* EXERCISE PROMPT:
Retype only the lines below from the one with "Blank September 2024 Calendar Template" to the one with "Basic Energy Box | Total Play", inclusive, skipping every image.

* DATA RECORDS:
- - -
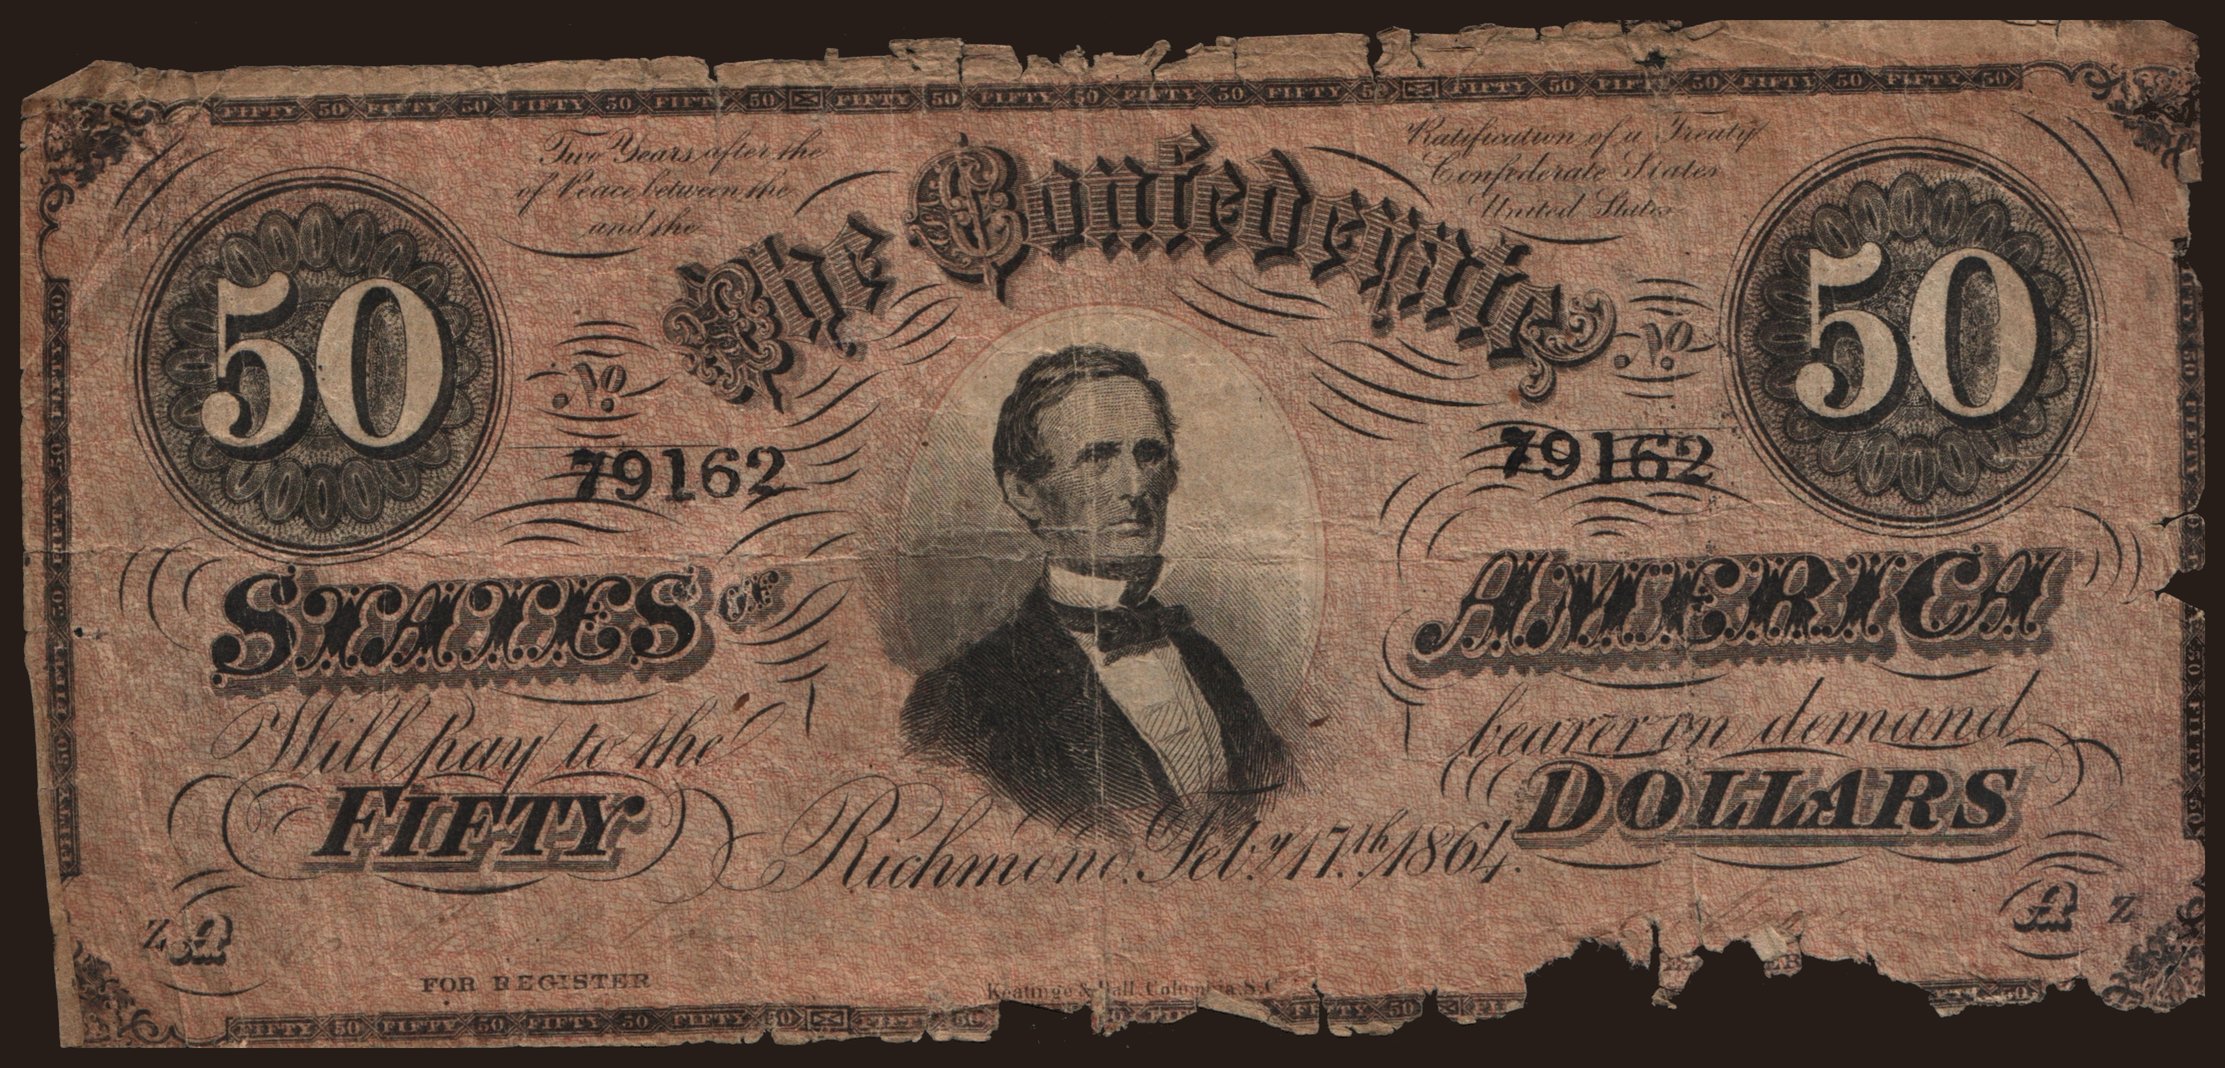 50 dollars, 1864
- - -
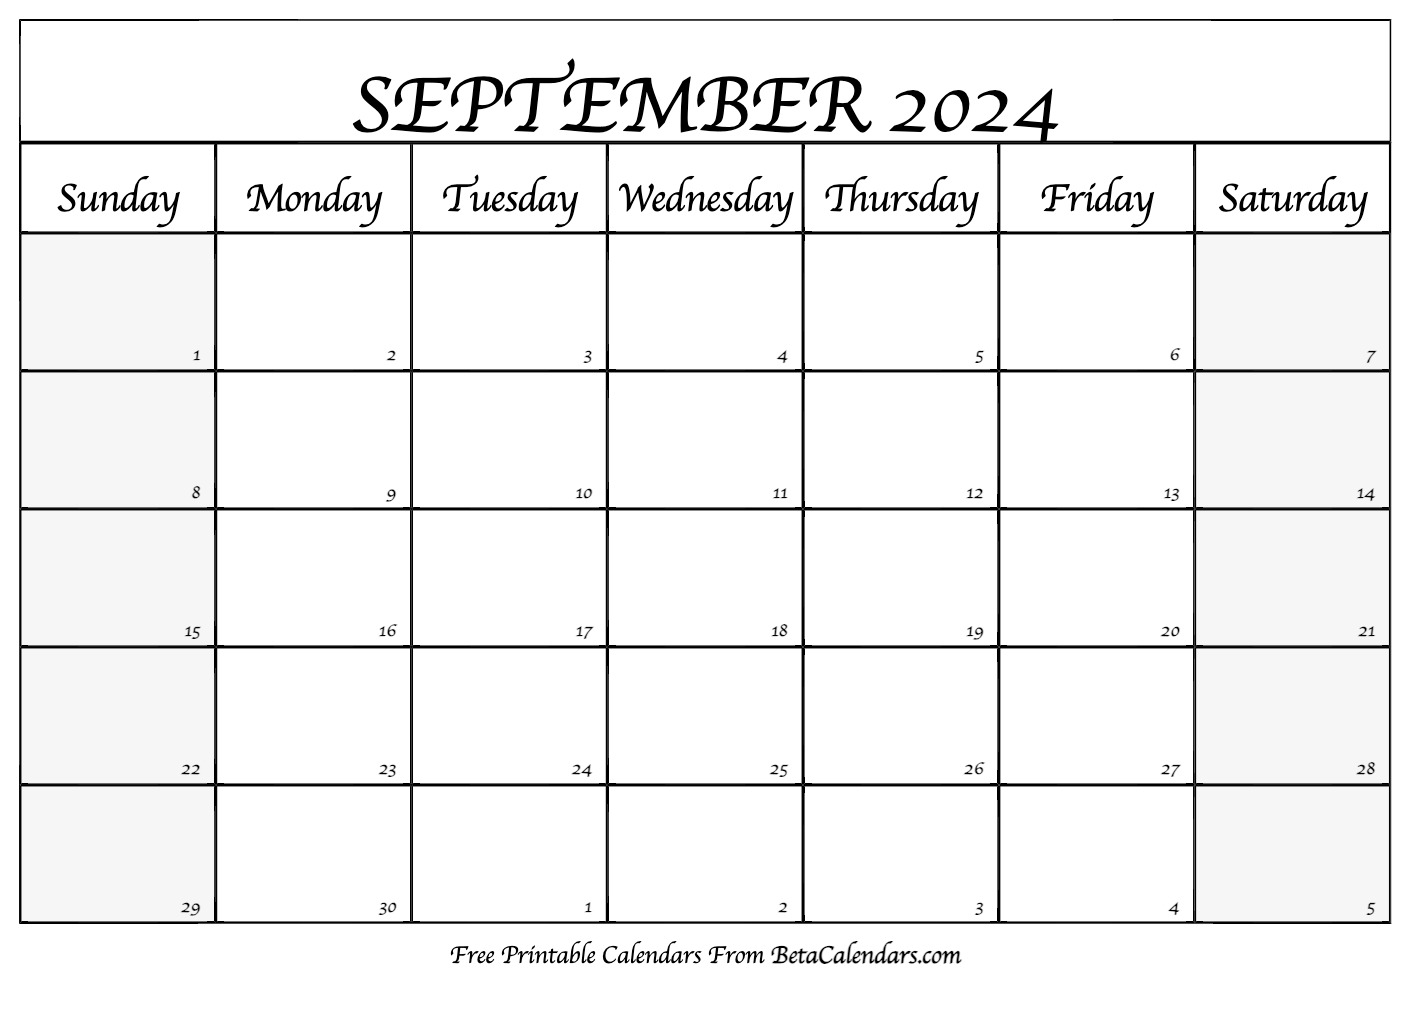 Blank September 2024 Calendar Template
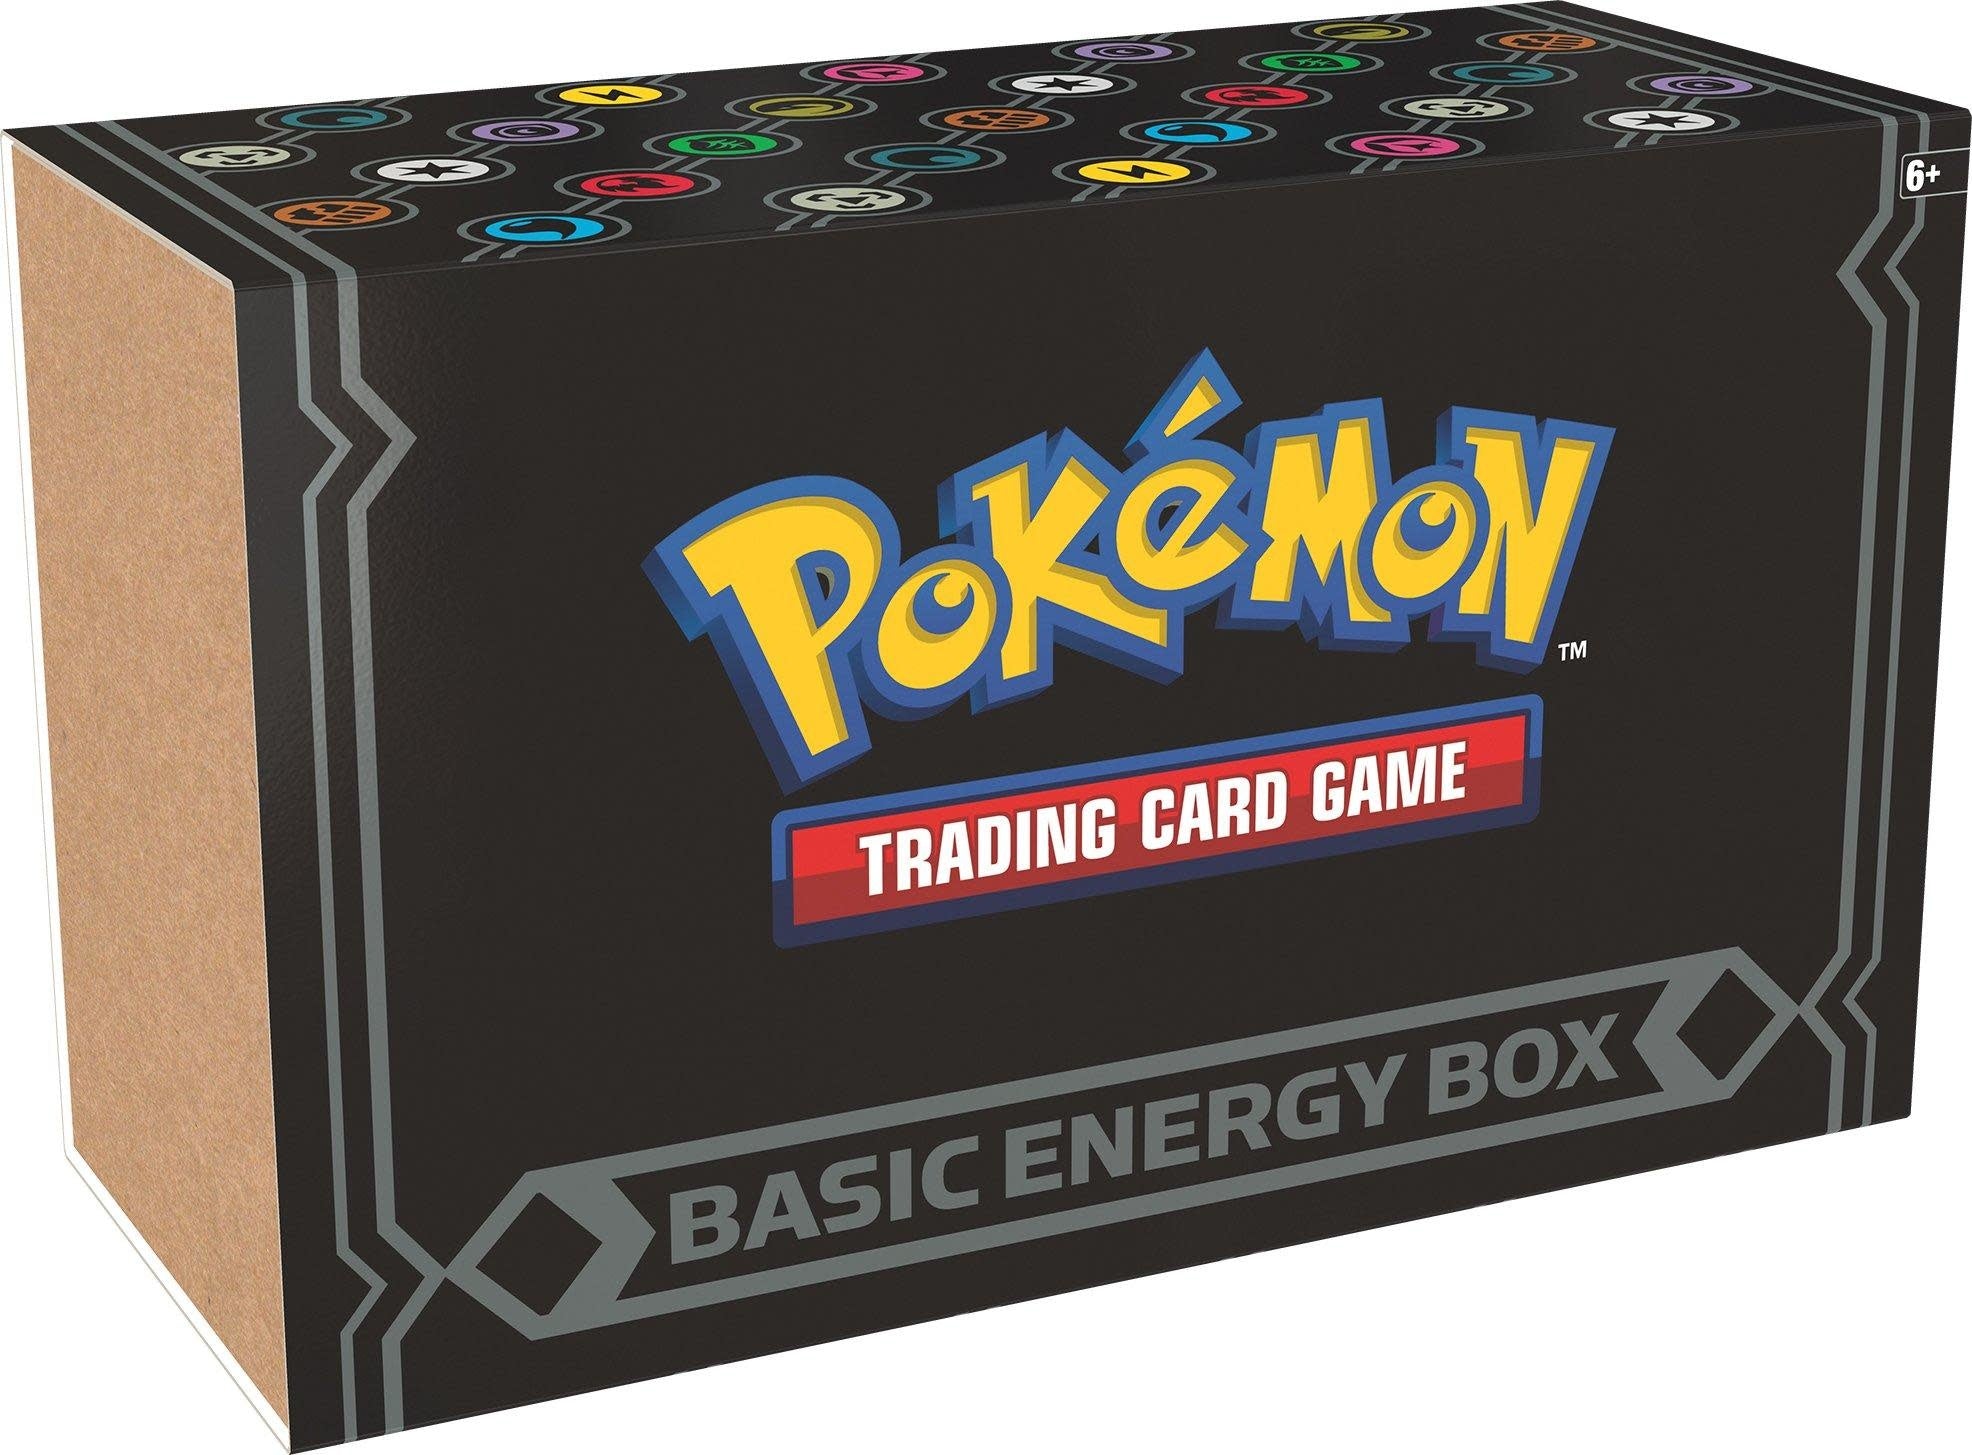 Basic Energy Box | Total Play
- - -
* TASK SOLUTION:
 Blank September 2024 Calendar Template
 Basic Energy Box | Total Play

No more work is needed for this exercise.